What is the force on the charge located at x = +8.00 cm in Figure 17.40(a) given that q = 5.00 µC and a = 2.50? (The positive direction is to the right.)
To find the force on a charge located at a certain position, we can use Coulomb's Law. Coulomb's Law states that the force between two charged particles is directly proportional to the product of their charges and inversely proportional to the square of the distance between them.
The formula for Coulomb's Law is F = k * ((q1 * q2) / r^2), where F is the force, k is the electrostatic constant (k = 8.99 x 10^9 N m^2/C^2), q1 and q2 are the charges, and r is the distance between them.

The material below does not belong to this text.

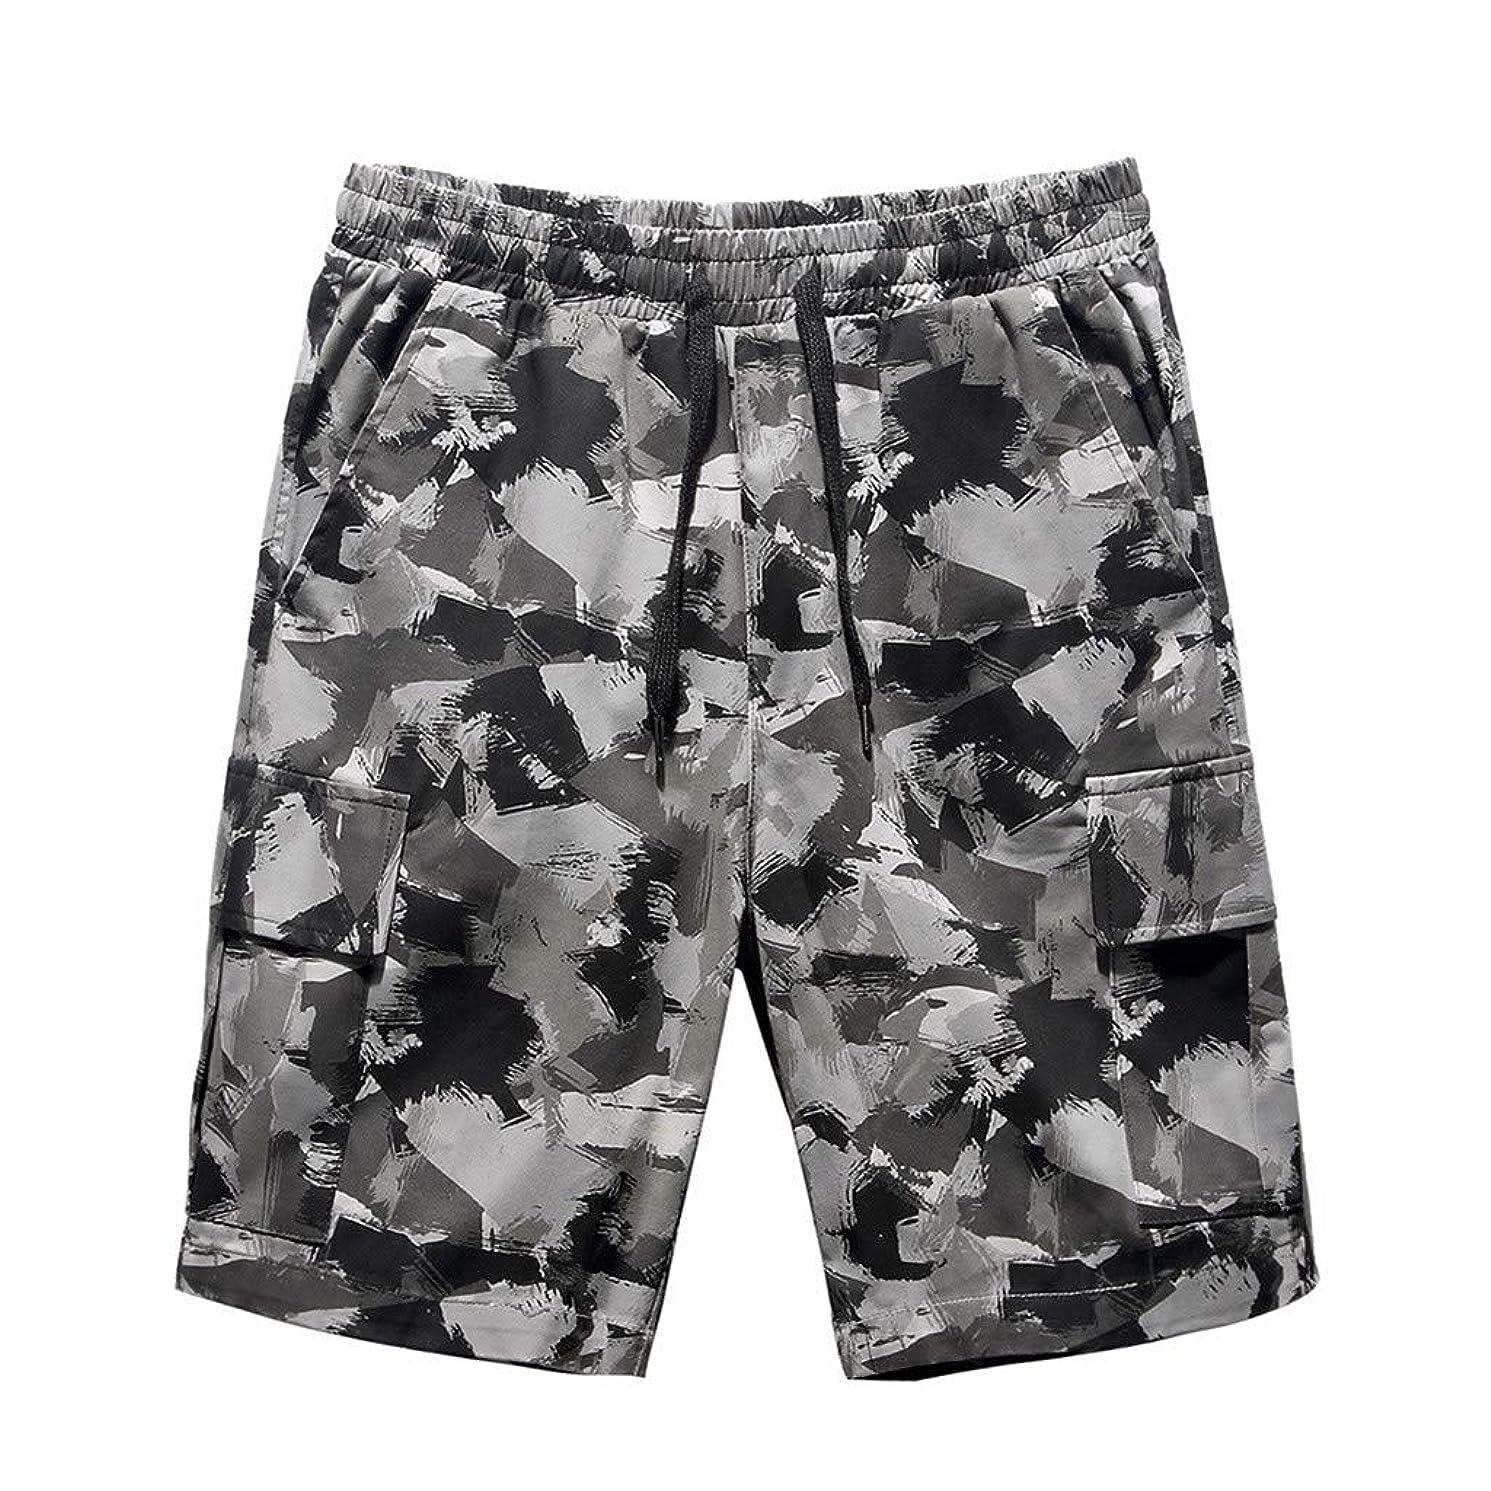 JJLIKER Men's Camouflage Multi-Pocket Capri Cargo Pants Classic Fit Casual Soft Cotton Sport Athletic Beach Pants
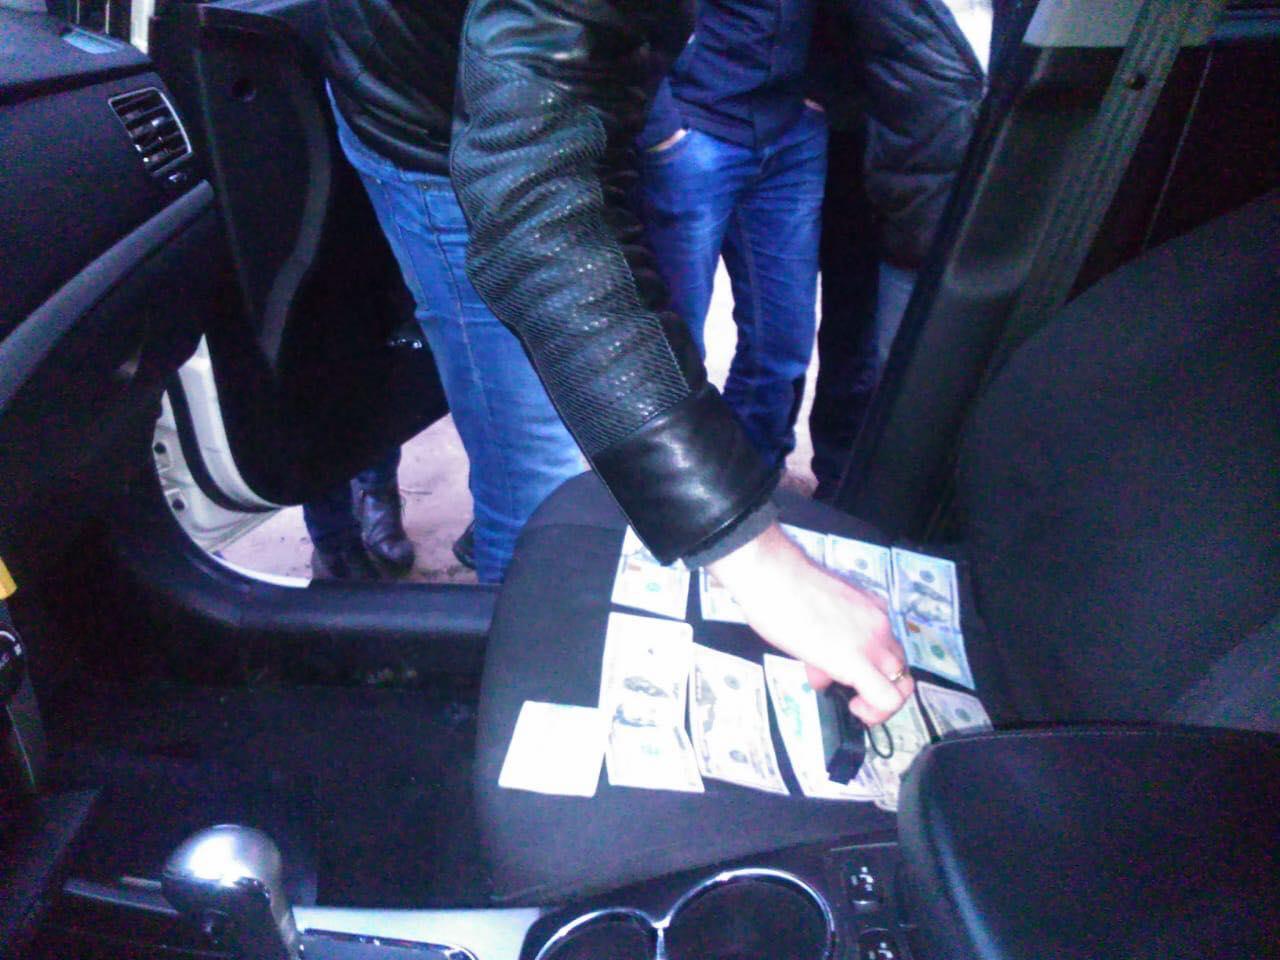 Взяточника арестовали во время передачи денег

In this case, the charge is located at x = +8.00 cm, which means the distance between the charges will be the difference between the two positions. Given that position a = 2.50 cm, we can calculate the distance as:
r = x2 - x1 = (+8.00 cm) - (+2.50 cm) = 5.50 cm
Now, we can substitute the values into Coulomb's Law equation:
F = k * ((q1 * q2) / r^2)
F = (8.99 x 10^9 N m^2/C^2) * ((5.00 µC * 5.00 µC) / (5.50 cm)^2)
Converting the charge from microcoulombs (µC) to coulombs (C), we get:
F = (8.99 x 10^9 N m^2/C^2) * ((5.00 x 10^(-6) C * 5.00 x 10^(-6) C) / (5.50 x 10^(-2) m)^2)
Now, we can calculate the force:
F = (8.99 x 10^9 N m^2/C^2) * (2.50 x 10^(-11) C^2 / 3.025 x 10^(-4) m^2)
F = 7.43 x 10^(-3) N
Therefore, the force on the charge located at x = +8.00 cm is 7.43 x 10^(-3) N in the positive direction.